The TurbopufferHandshake
class provides seamless integration between Chonkie’s chunking system and Turbopuffer, a high-performance vector database.
Embed and store your Chonkie chunks in Turbopuffer without ever leaving the Chonkie SDK.
The Turbopuffer Handshake requires a Turbopuffer API key. You can get one by signing up for a Turbopuffer account.
Installation
Before using the Turbopuffer handshake, make sure to install the required dependencies:
pip install chonkie[turbopuffer]
Basic Usage
Initialization
from chonkie import TurbopufferHandshake
# Initialize with default settings (requires TURBOPUFFER_API_KEY environment variable)

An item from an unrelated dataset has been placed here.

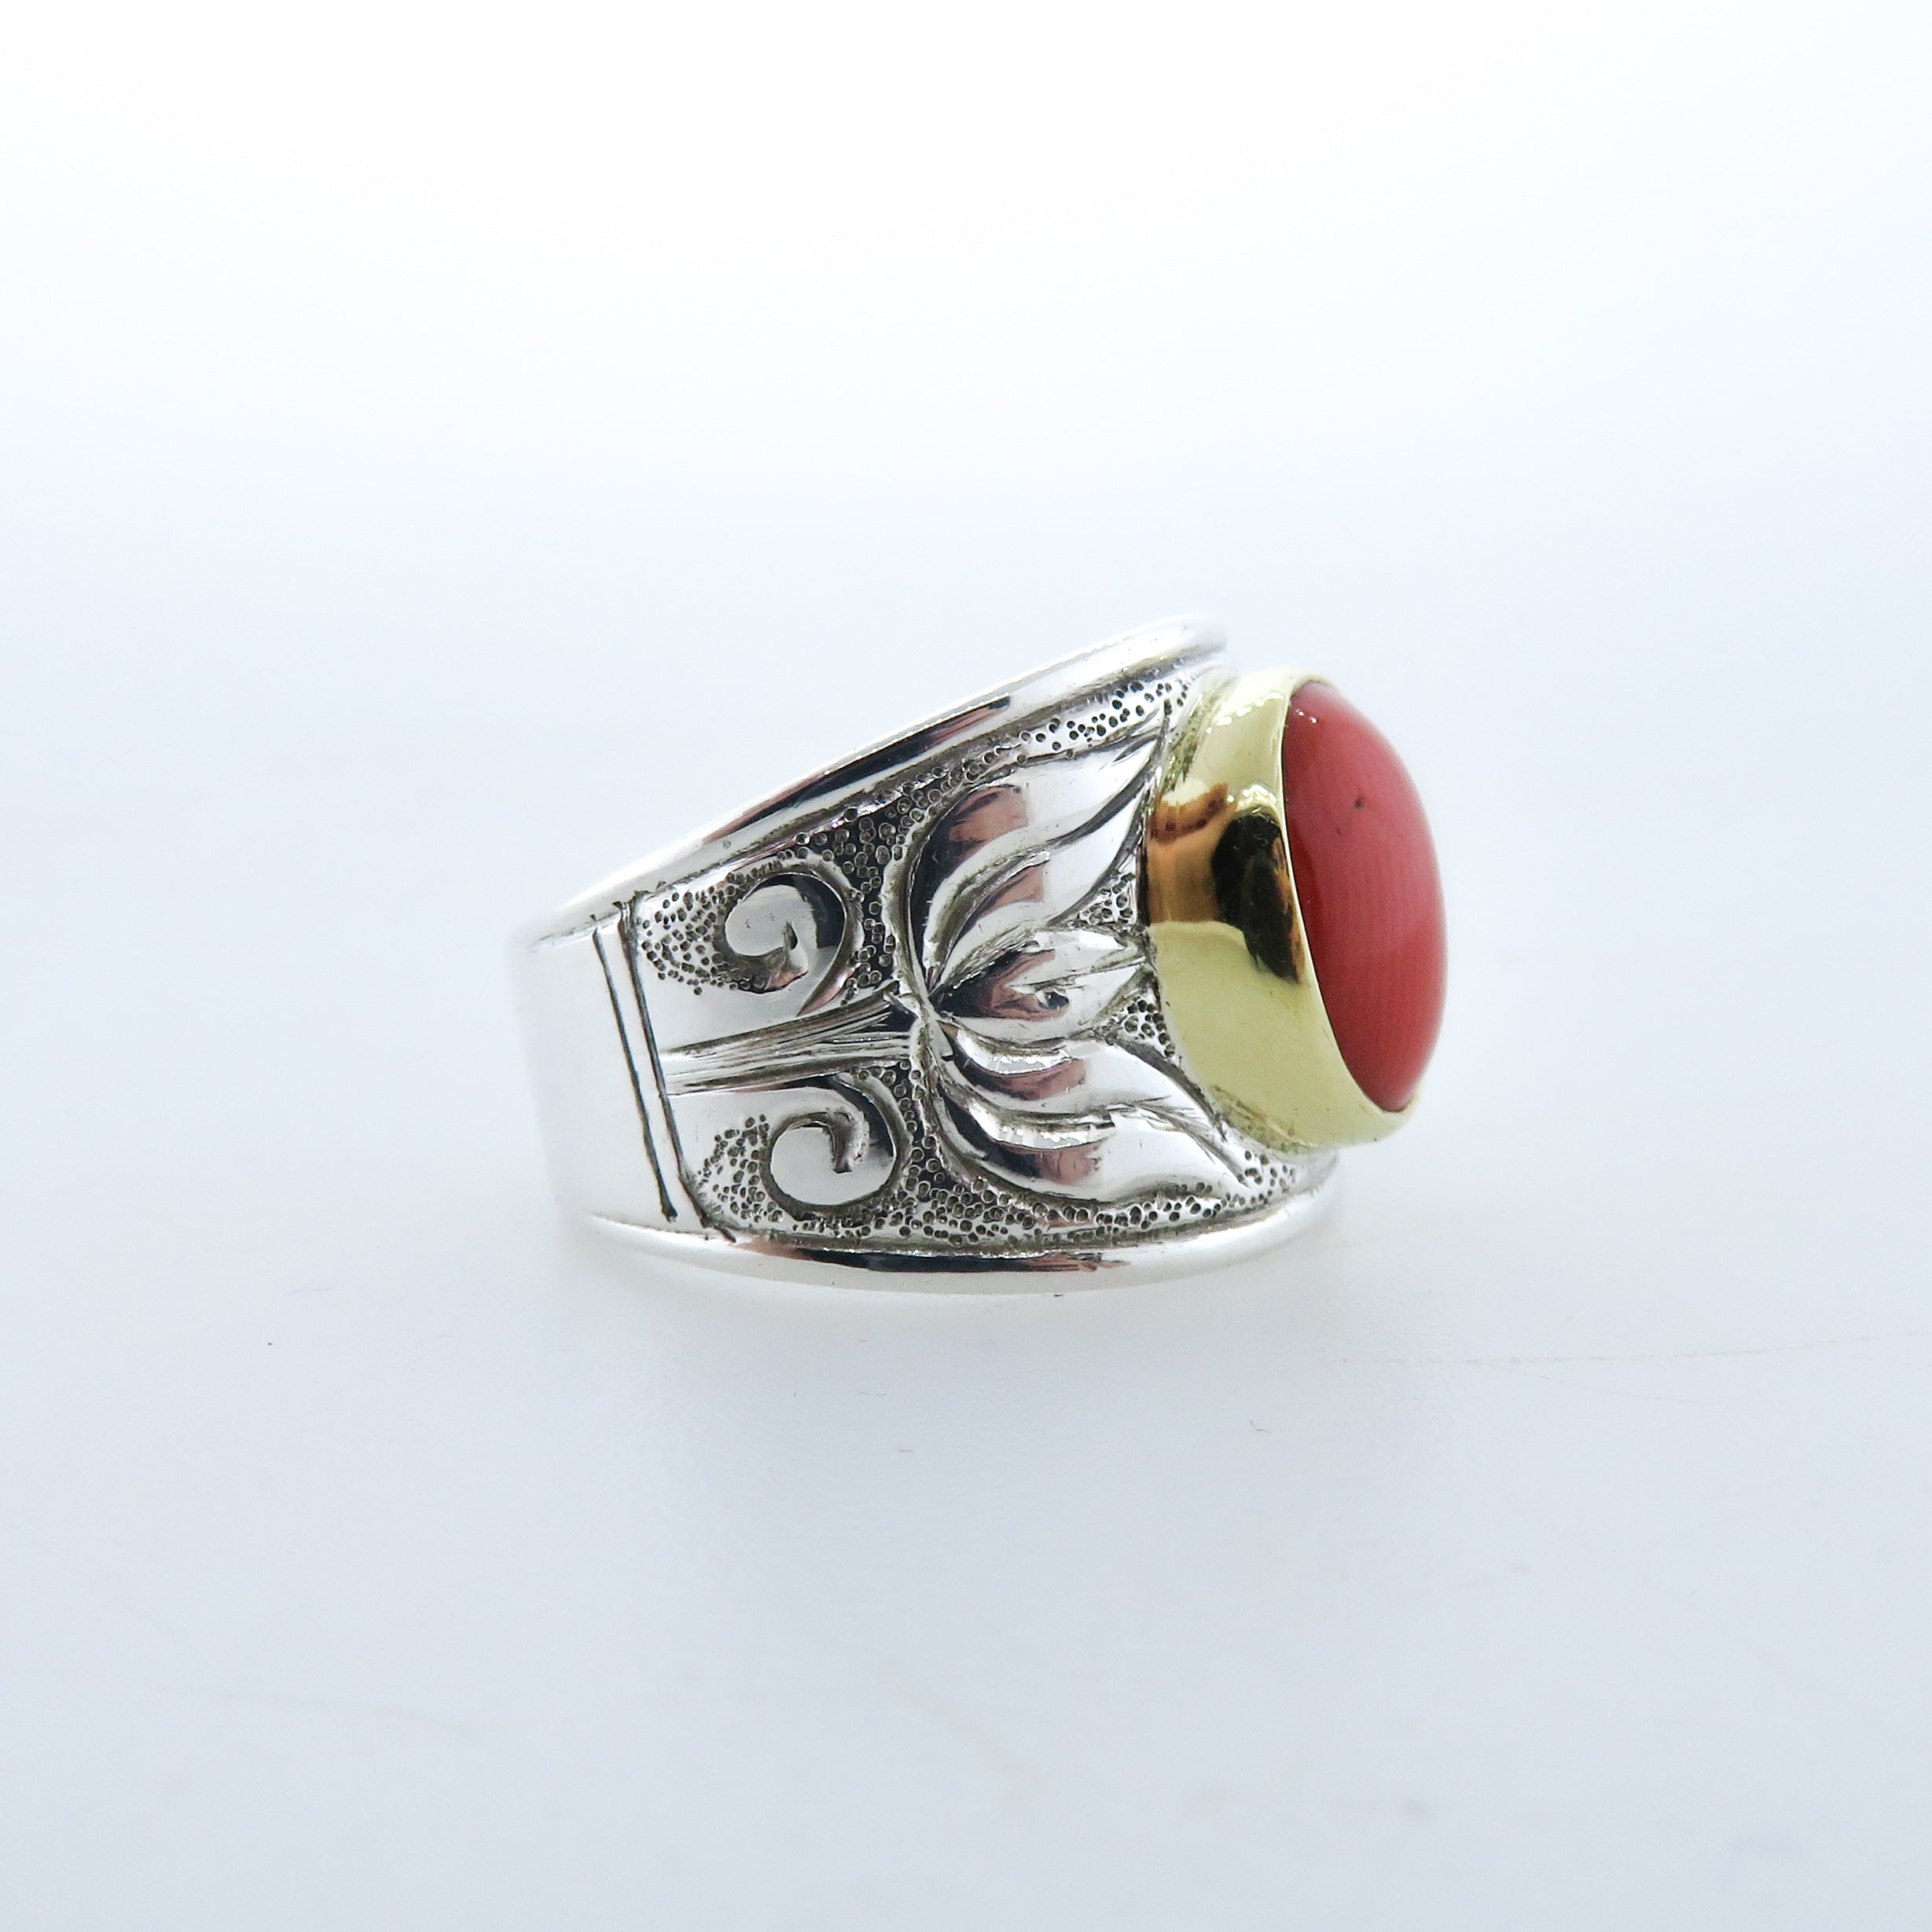 Italian Silver Ring 925 For Women price in Egypt | Jumia Egypt | kanbkam

handshake = TurbopufferHandshake()
# Or provide an API key directly
handshake = TurbopufferHandshake(api_key="your_turbopuffer_api_key")
# Use a specific namespace
handshake = TurbopufferHandshake(namespace_name="my_documents")
# Or use an existing Turbopuffer namespace
import turbopuffer as tpuf
ns = tpuf.Namespace("existing_namespace")
handshake = TurbopufferHandshake(namespace=ns)
Writing Chunks to Turbopuffer
from chonkie import TurbopufferHandshake, SemanticChunker
handshake = TurbopufferHandshake(namespace_name="my_documents")
chunker = SemanticChunker()
chunks = chunker("Chonkie chunks, turbopuffer puffs!")
handshake.write(chunks)
Parameters
namespace
Optional[tpuf.Namespace]
default:"None"
An existing Turbopuffer Namespace instance to use. If not provided, a new namespace will be created.
namespace_name
Union[str, Literal['random']]
default:"random"
Name of the namespace to use. If “random”, a unique name will be generated.
Only used if namespace
parameter is not provided.
embedding_model
Union[str, BaseEmbeddings]
default:"minishlab/potion-retrieval-32M"
Embedding model to use. Can be a model name or a BaseEmbeddings instance.
api_key
Optional[str]
default:"None"
Turbopuffer API key. If not provided, will look for TURBOPUFFER_API_KEY environment variable.
Authentication
You can authenticate with Turbopuffer in one of two ways:
-
Environment Variable (Recommended for development):
export TURBOPUFFER_API_KEY='your-api-key-here'
-
Directly in code (Not recommended for production):
handshake = TurbopufferHandshake(api_key="your-api-key-here")
For production environments, it’s recommended to use environment variables or a secure secret management system to handle your API keys.